Bond Report: 2-year Treasury Yield Stages Biggest Daily Rise In 7 Weeks As Stocks Bounce

Treasury prices fell on Friday, pushing yields higher, as U.S. equities erased some of the previous session’s slump, sapping appetite for government paper.

U.S. bond markets saw a holiday-shortened session, closing at 2 p.m. Eastern Time, in observance of Memorial Day, and will be closed on Monday.

What are Treasurys doing?

The 10-year Treasury note yield TMUBMUSD10Y, +0.00% rose 3.2 basis points to 2.327%, trimming its weeklong drop to 6.9 basis points.
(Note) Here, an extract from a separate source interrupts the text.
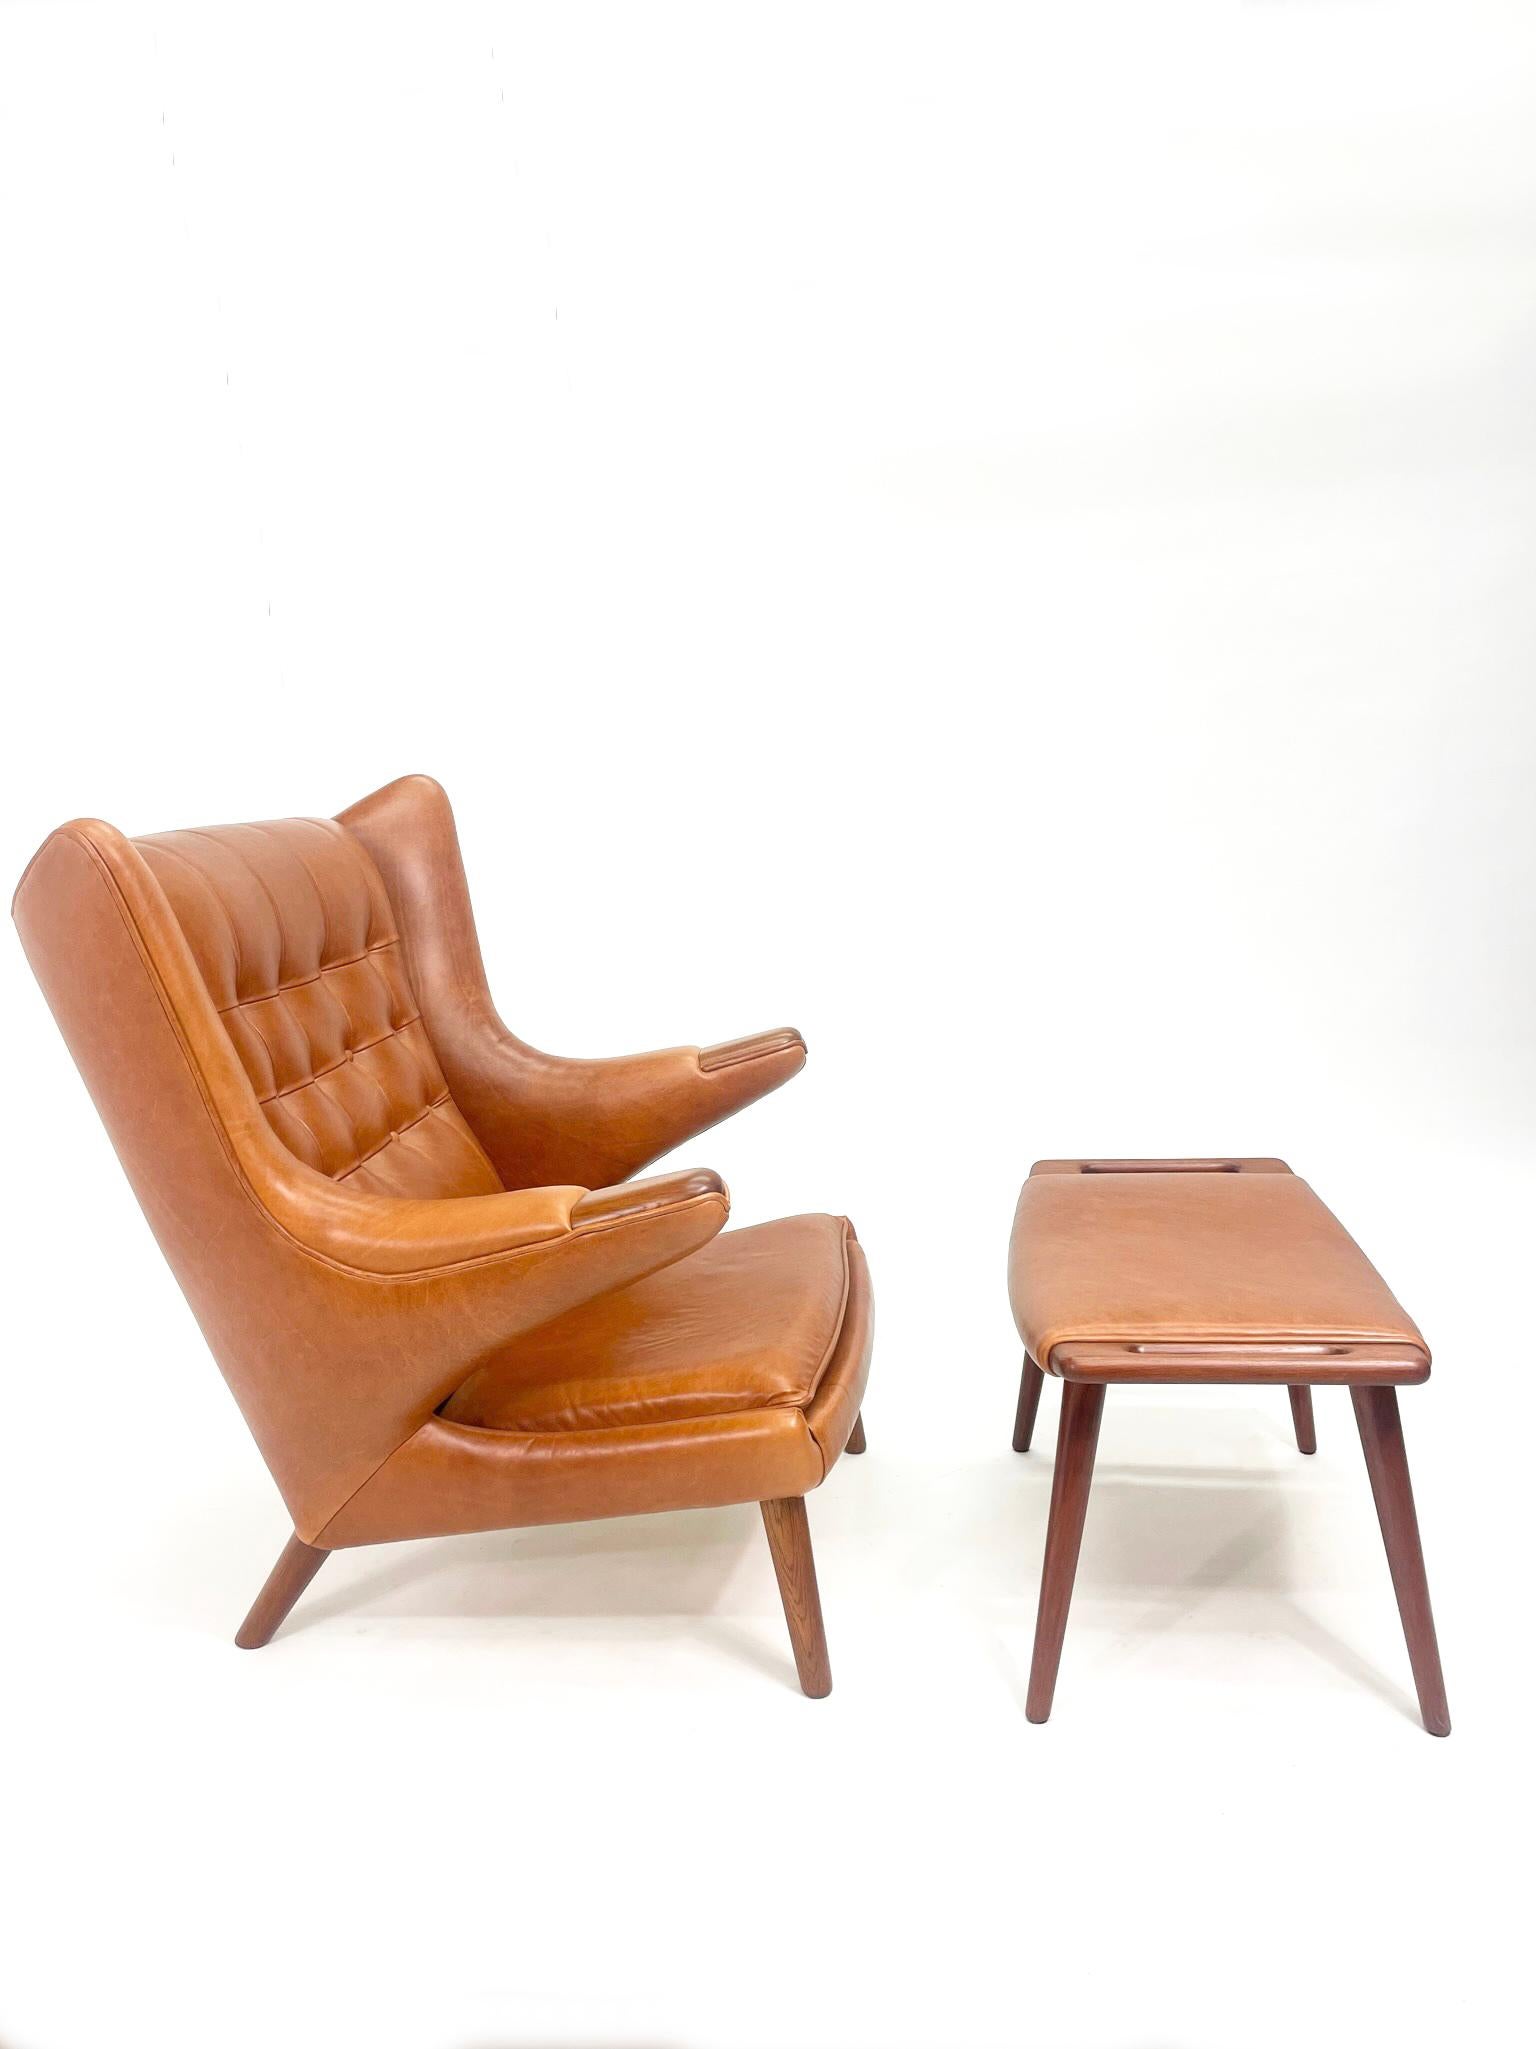 Hans Wegner Papa Bear Chair & Ottoman for A.P. Stolen Denmark, 1950's For Sale 7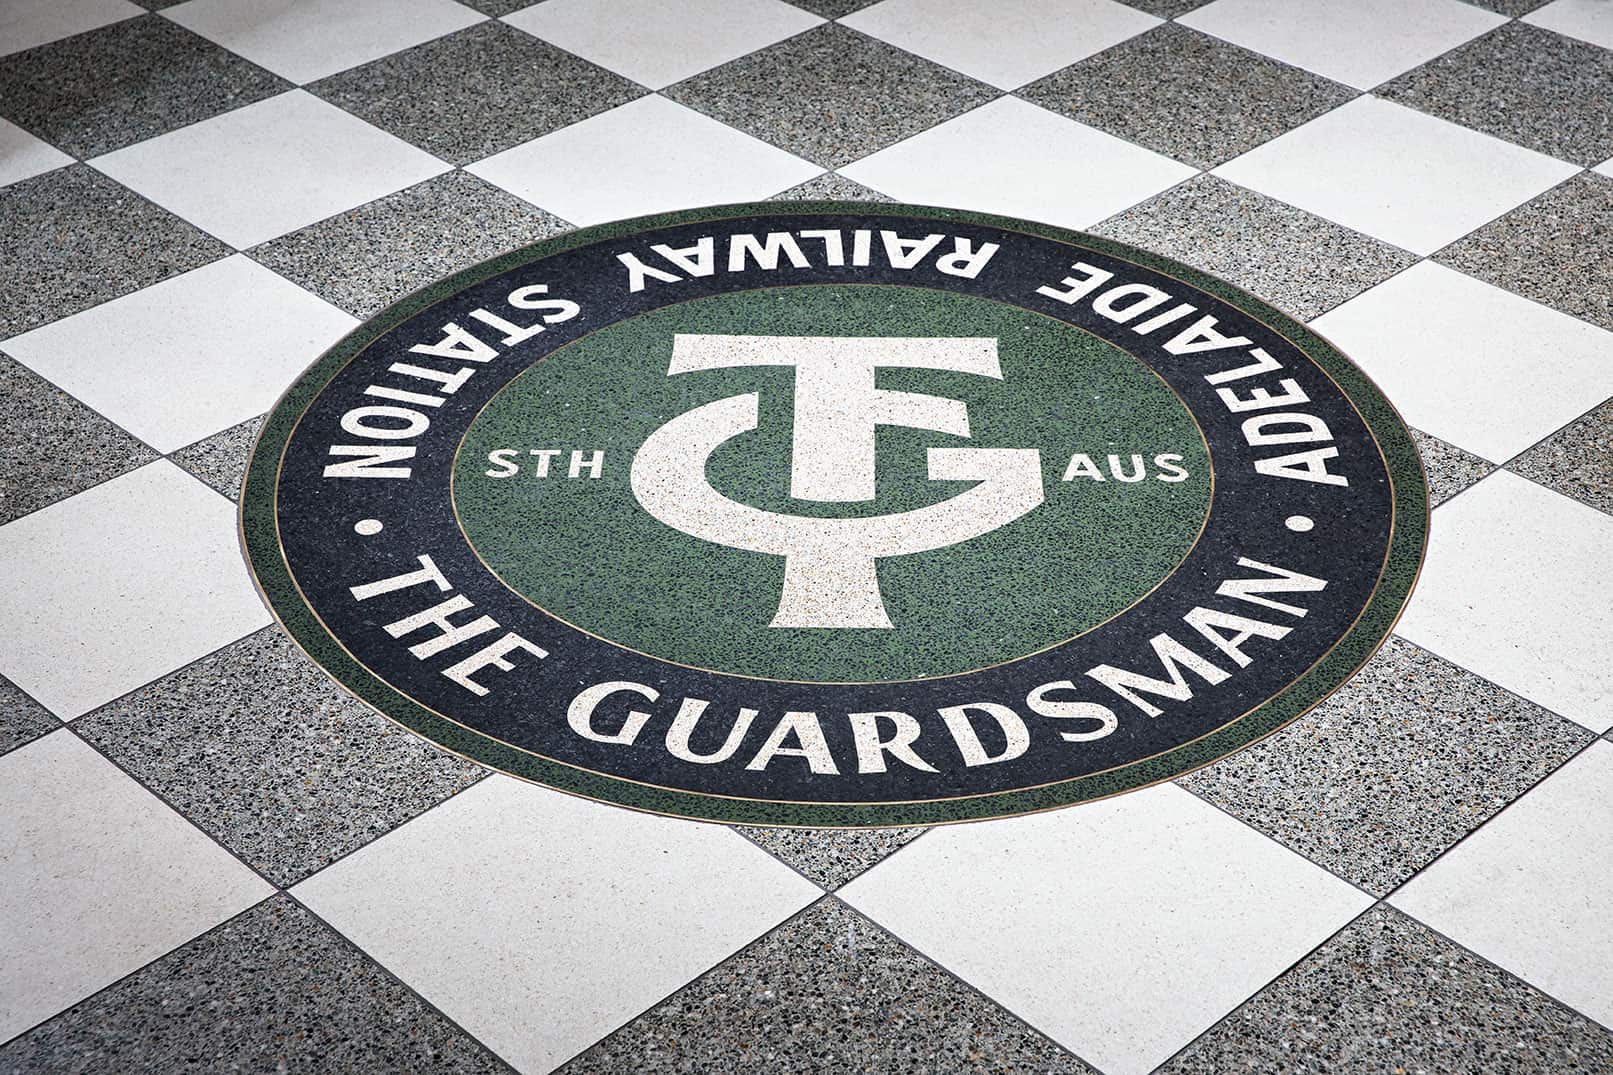 The Guardsman Terrazzo Art Adelaide

The 2-year note yield TMUBMUSD02Y, +0.00% was up 4.5 basis points to 2.175%, marking its biggest daily increase since April 1. The short-dated maturity fell 3 basis points for the week.

The 30-year bond yield TMUBMUSD30Y, +0.00% rose 2.3 basis points to 2.754%, paring its weeklong decline to 7.1 basis points. Debt prices move in the opposite direction of yields.

Meanwhile, yields for British 10-year pounds TMBMKGB-10Y, +0.00% known as gilts, fell a single basis point to 0.955% after U.K. Prime Minister Theresa May announced her resignation due to her inability to pass a Brexit deal.

What’s driving Treasurys?

With stock markets set to take a break from this Thursday’s selloff, inflows into the bond-market waned. The S&P 500 SPX, +0.14% and the Dow Jones Industrial Average DJIA, +0.37% were on course to end higher on Friday, paring their weeklong losses.

President Donald Trump said he anticipated a “fast” trade deal with China, and that the U.S. could pull back its ban against Huawei Technologies Inc. as part of an agreement. Investors have grown fearful that a resolution to the longstanding trade spat between the U.S. and China would remain elusive, with some pointing to the U.S.’s ban on Huawei as a sign of an entrenching dispute between the two sides.

Yields briefly sagged after investors digested some downbeat data on the business investment front. Durable goods orders for April fell 2.1%, following a 2.6% increase in March. The more stable core capital goods orders measure, which excludes defense and aircraft investment, fell 0.9%.

What did market participants say?

“The more tensions escalate and the longer the negotiations continue, the more uncertainty there will be and become more of a drag be on investment spending in the U.S.,” said Ward McCarthy, chief financial economist for Jefferies.